El mensaje que la Iglesia recibe de esta narración de la vida de Cristo es muy claro. Dios no ha mandado a su Hijo al mundo para castigar a los pecadores ni para acabar con los malvados. Sino que es a ellos a quienes se dirige la invitación a la conversión para que, viendo los signos de la bondad divina, puedan volver a encontrar el camino de regreso. Como dice el Salmo: «Si en cuenta tomas las culpas, oh Yahveh, ¿quién, Señor, resistirá? Mas el perdón se halla junto a ti, para que seas temido» (Salmo 130, 3-4).
La justicia que el Bautista ponía al centro de su predicación, en Jesús se manifiesta en primer lugar como misericordia. Y las dudas del Precursor sólo anticipan el desconcierto que Jesús suscitará después con sus obras y con sus palabras. Se comprende, entonces, el final de la respuesta de Jesús. Dice: «¡Y dichoso aquel que no halle escándalo en mí!» (v. 6). Escándalo significa «obstáculo». Por eso Jesús advierte sobre un peligro en particular: si el obstáculo para creer son sobre todo sus obras de misericordia, eso significa que se tiene una falsa imagen del Mesías. Dichosos en cambio aquellos que, ante los gestos y las palabras de Jesús, rinden gloria al Padre que está en los cielos.
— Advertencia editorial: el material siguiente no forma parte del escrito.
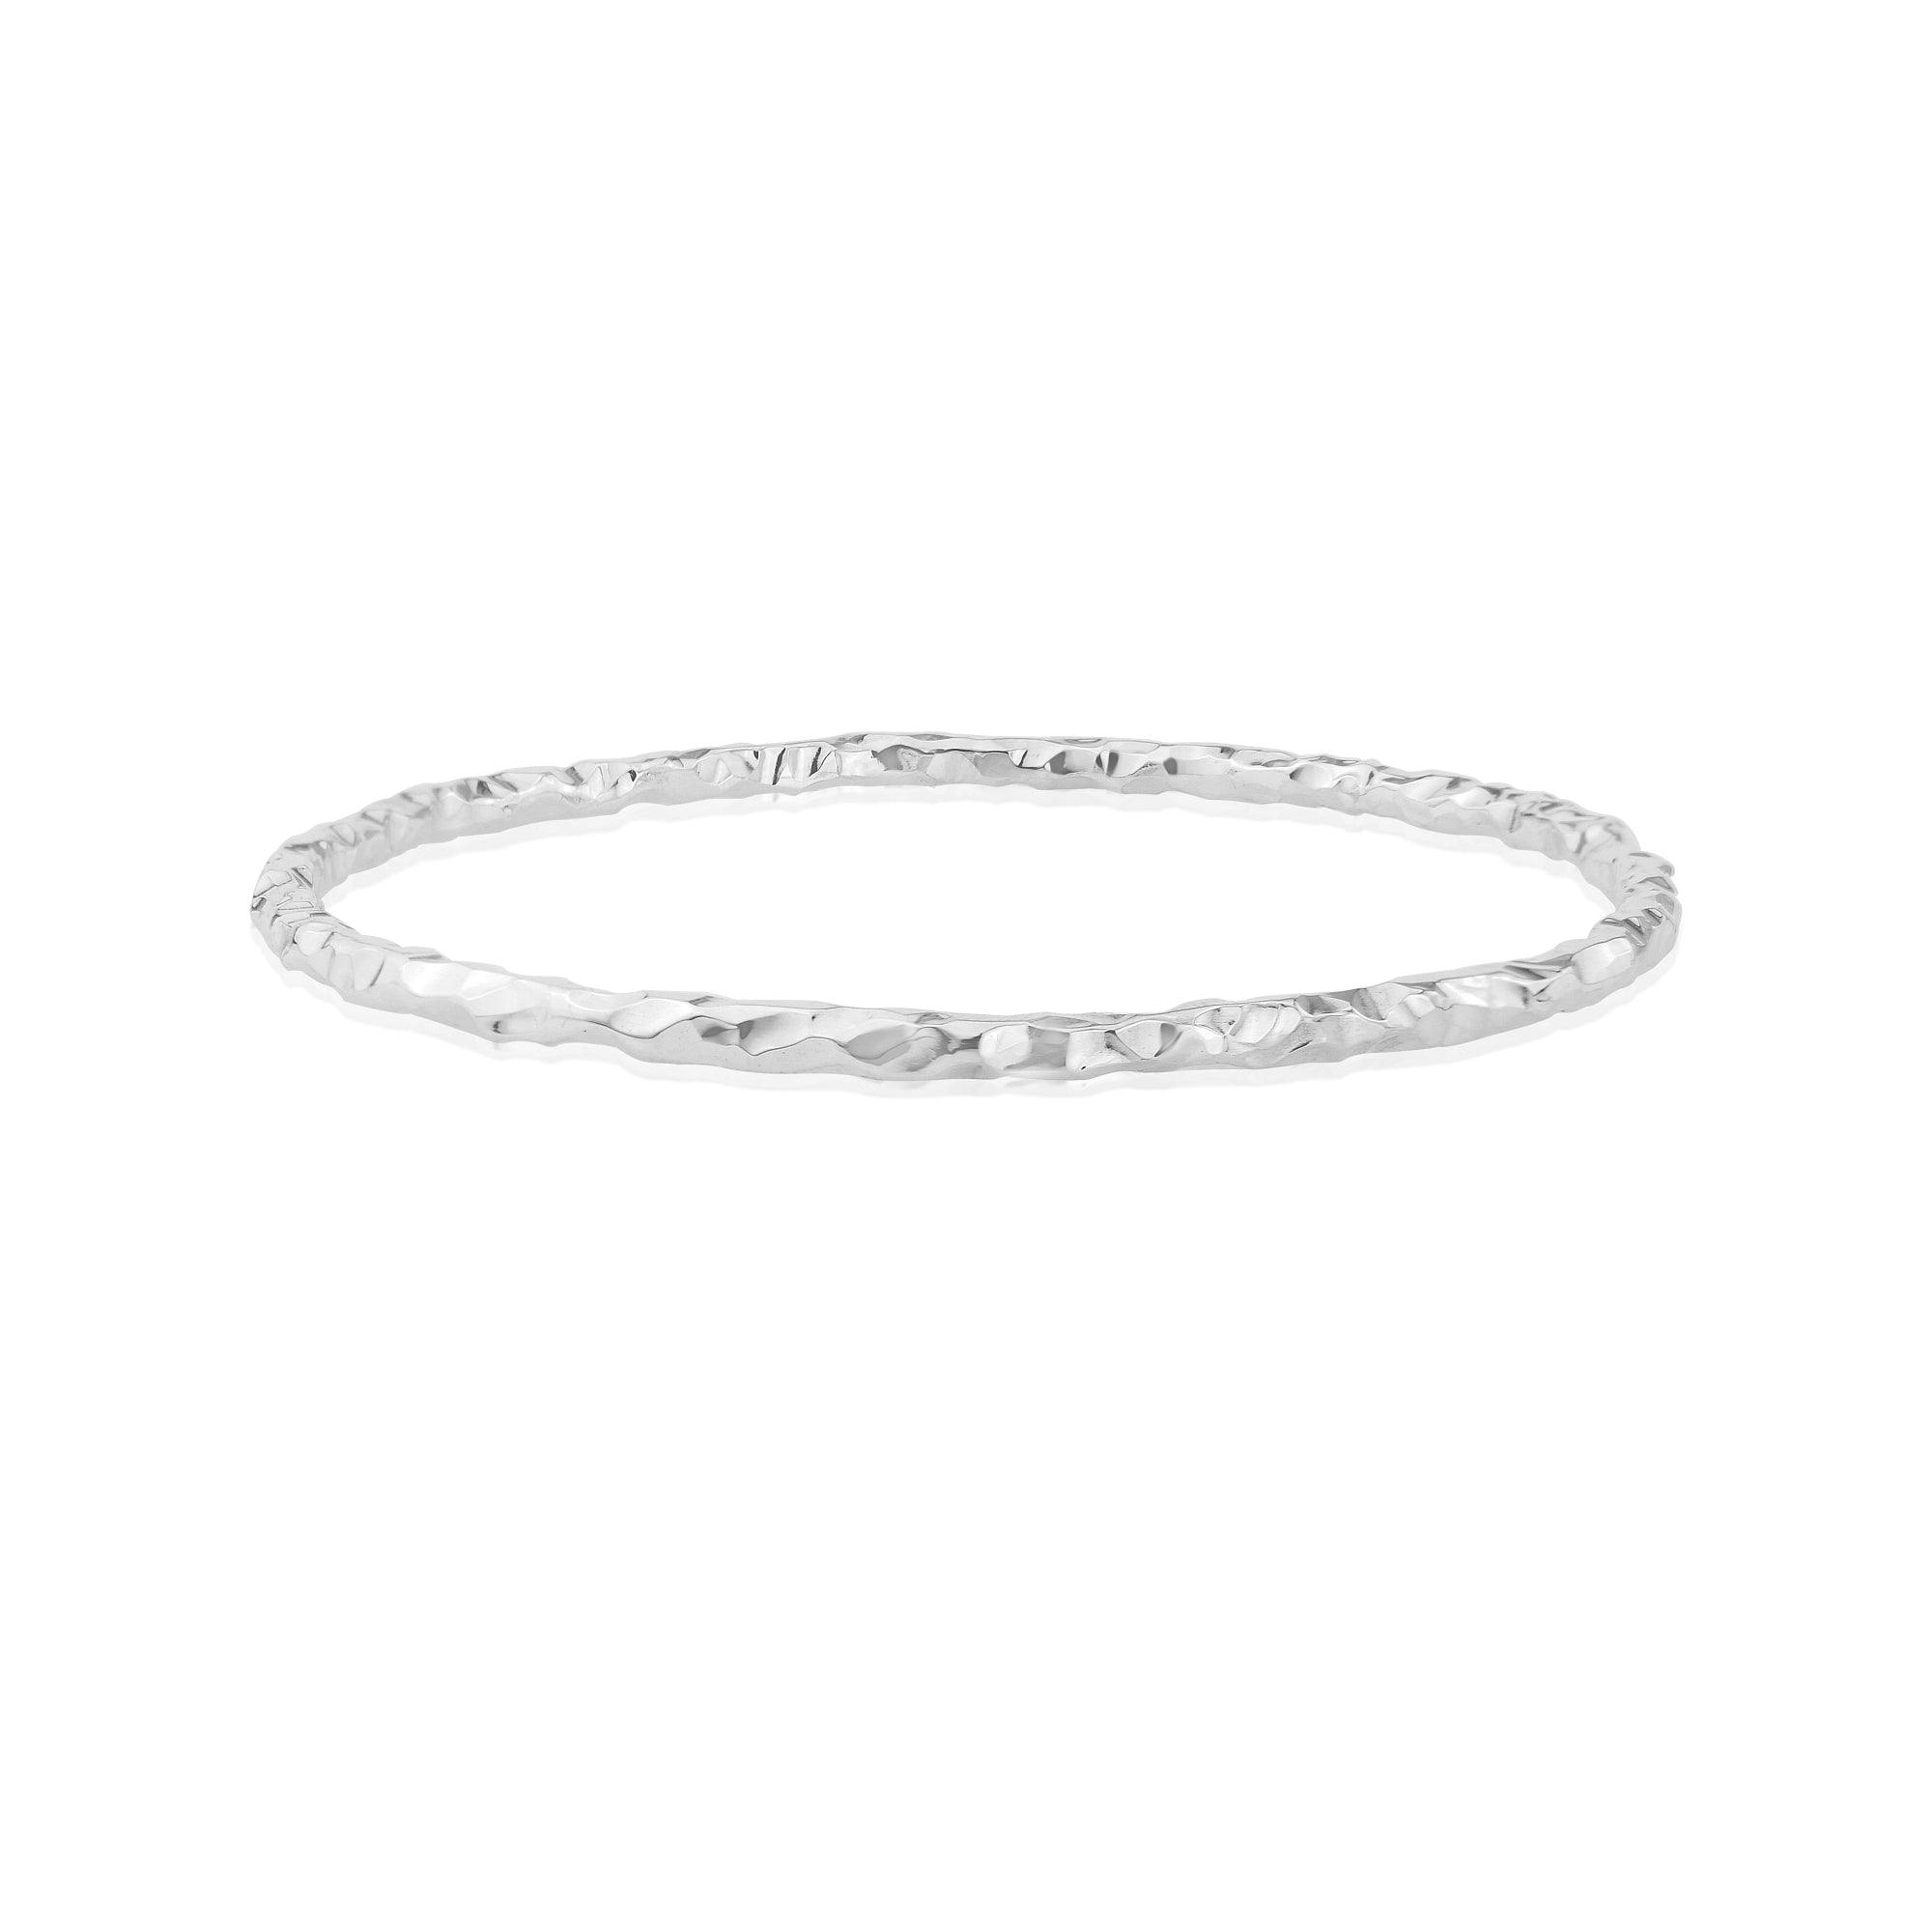 Silver Heavy Chopped Textured Bangle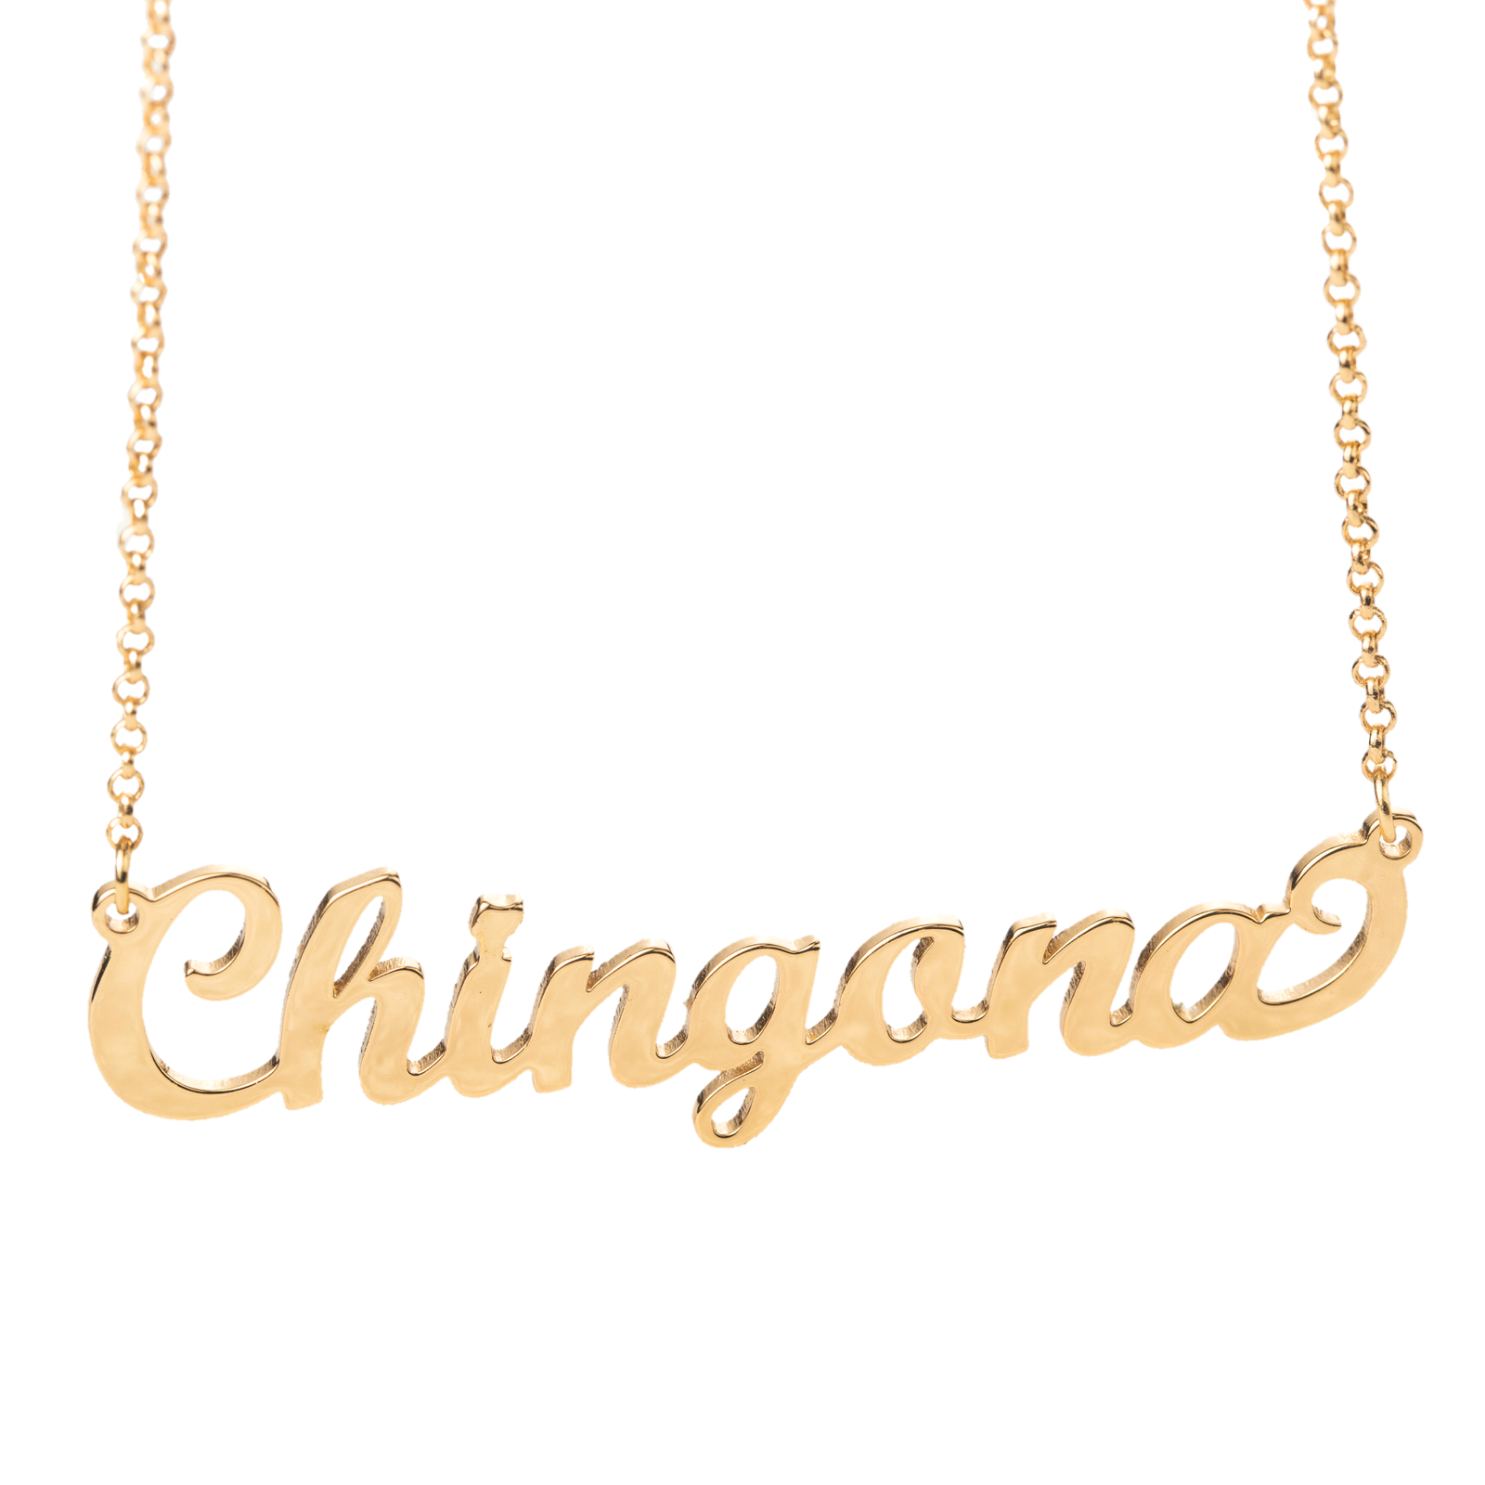 Gold-plated sterling silver women's necklace with the word 'Chingona' in cursive lettering

La advertencia de Jesús es siempre actual: hoy también el hombre construye imágenes de Dios que le impiden disfrutar de su presencia real. Algunos se crean una fe «a medida» que reduce a Dios en el espacio, limitado por los propios deseos y las propias convicciones. Pero esta fe no es conversión al Señor que se revela, es más, impide estimular nuestra vida y nuestra conciencia. Otros reducen a Dios a un falso ídolo; usan su santo nombre para justificar sus propios intereses o incluso el odio y la violencia. Aun más, para otros, Dios es solamente un refugio psicológico en el cual ser tranquilizados en los momentos difíciles: se trata de una fe plegada en sí misma, impermeable a la fuerza del amor misericordioso de Jesús que impulsa hacia los hermanos. Otros consideran a Cristo sólo un buen maestro de enseñanzas éticas, uno de los muchos que hay en la historia. Y por último, hay quien ahoga la fe en una relación puramente intimista con Jesús, anulando su impulso misionero capaz de transformar el mundo y la historia. Nosotros cristianos creemos en el Dios de Jesucristo, y nuestro deseo es el de crecer en la experiencia viva de su misterio de amor.
Esforcémonos entonces en no anteponer obstáculo alguno al actuar misericordioso del Padre, y pidamos el don de una fe grande para convertirnos también nosotros en señales e instrumentos de misericordia.
Saludos
Saludo cordialmente a los peregrinos de lengua española, en particular a los provenientes de España y Latinoamérica. Esforcémonos en no ser obstáculo de la misericordia del Padre, sino al contrario, pidamos al Señor que incremente nuestra fe, para ser signos e instrumentos de su misericordia. Que Dios los bendiga.
Un especial saludo dirijo a los jóvenes, a los enfermos y a los recién casados. El domingo pasado celebramos la canonización de Madre Teresa de Calcuta.
Queridos jóvenes, volveos como ella, artesanos de la misericordia; queridos enfermos, sentid su cercanía compasiva especialmente en la hora de la cruz; y vosotros, queridos recién casados, sed generosos: invocadla para que no falte nunca en las familias el cuidado y la atención hacia los más pequeños.